Our Mars400's BMC can shut down all nodes in the same chassis. So before a maintenance or BMC firmware update, we need to make CEPH stop IO before shutting down a chassis.


CEPH blog gives the steps before shutting down hosts on the CEPH cluster as this link show: how-to-do-a-ceph-cluster-maintenance-shutdown/


Here are the steps to do before shutdown a chassis or the cluster:


  1. Set OSDs flags

    # ceph osd set noout
    # ceph osd set nobackfill
    # ceph osd set norecover
    # ceph osd set norebalance
    # ceph osd set nodown
    # ceph osd set pause (this is not necessary if you only shut down a chassis)

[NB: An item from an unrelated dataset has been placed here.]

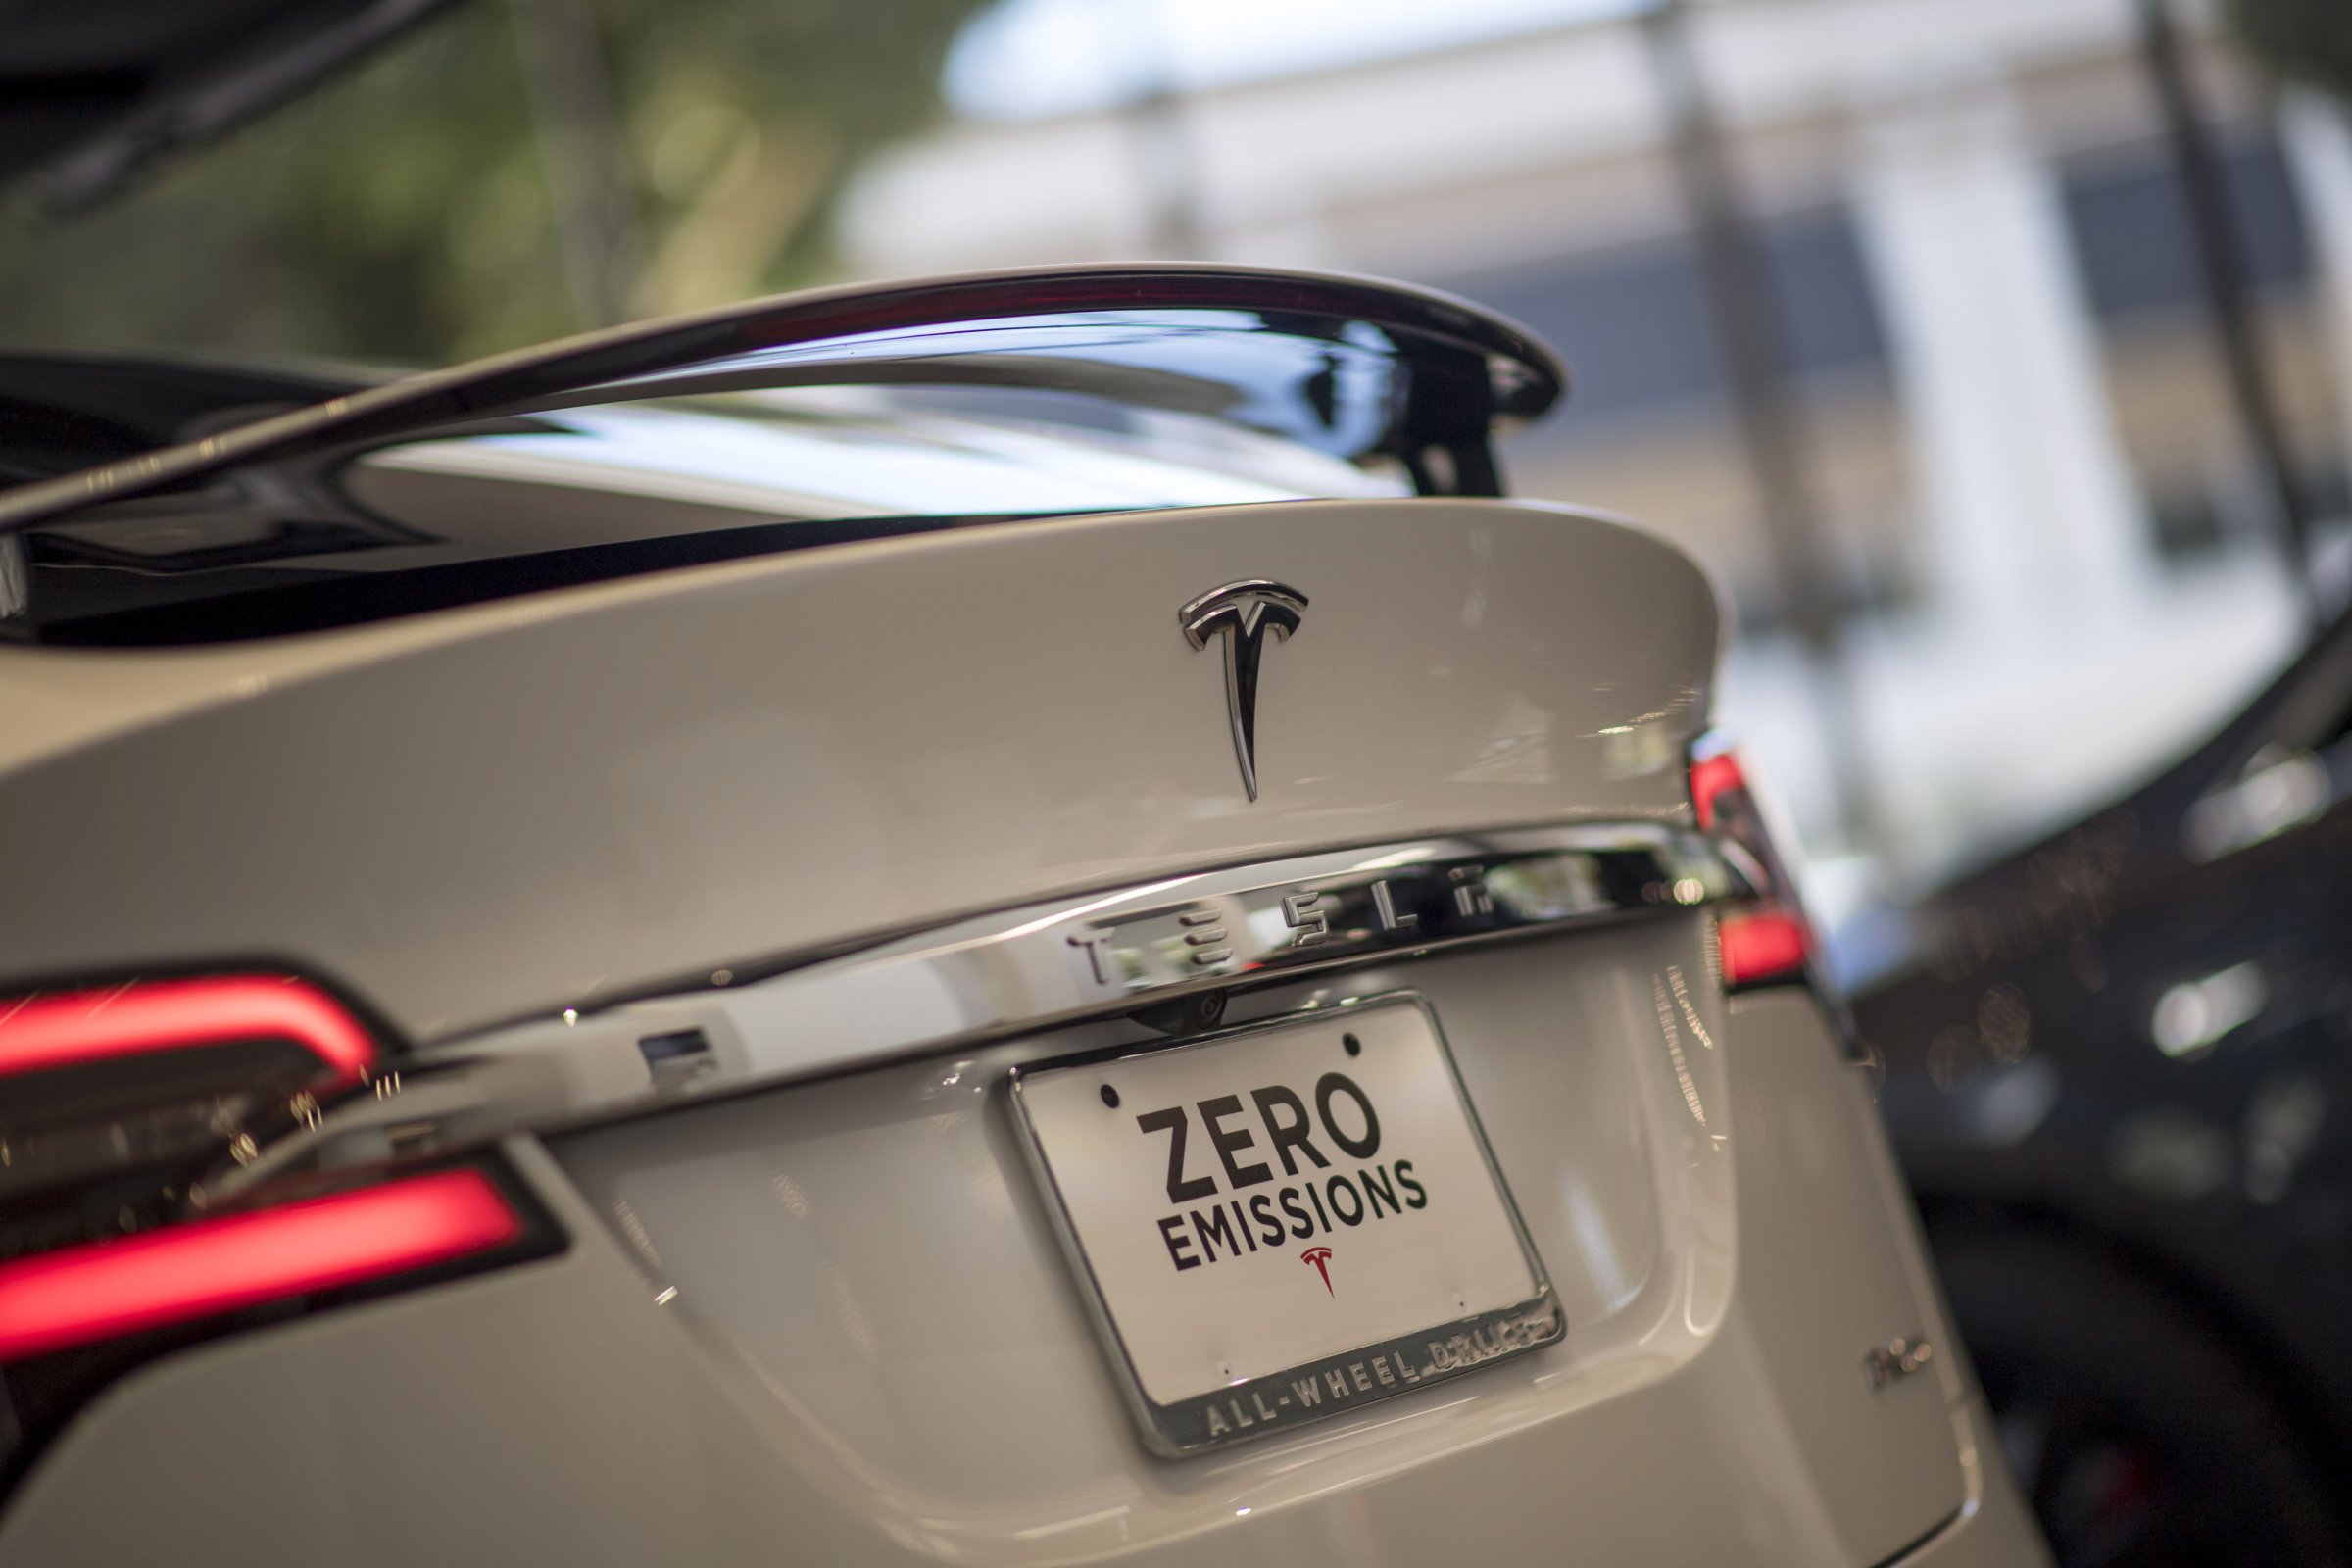 A Tesla Motors Inc. Model S vehicle is displayed at the company's new showroom in San Francisco, California, U.S., on Wednesday, Aug. 10, 2016.

  2. Log in to BMC and make chassis become standby

    or use to command line to make the chassis power become stand by. 

    ssh root@<BMC IP> -t "/usr/bin/bmcpipe \"standby ;\""


After about 3 mins for graceful shutdown of the nodes, BMC will make the power supply become standby mode.


After you complete the hardware maintenance, power on the Mars400 by BMC, unset all the flags, and wait for the cluster to become healthy.

# ceph osd unset noout
# ceph osd unset nobackfill
# ceph osd unset norecover
# ceph osd unset norebalance
# ceph osd unset nodown
# ceph osd set pause (this is not necessary if you only shut down a chassis)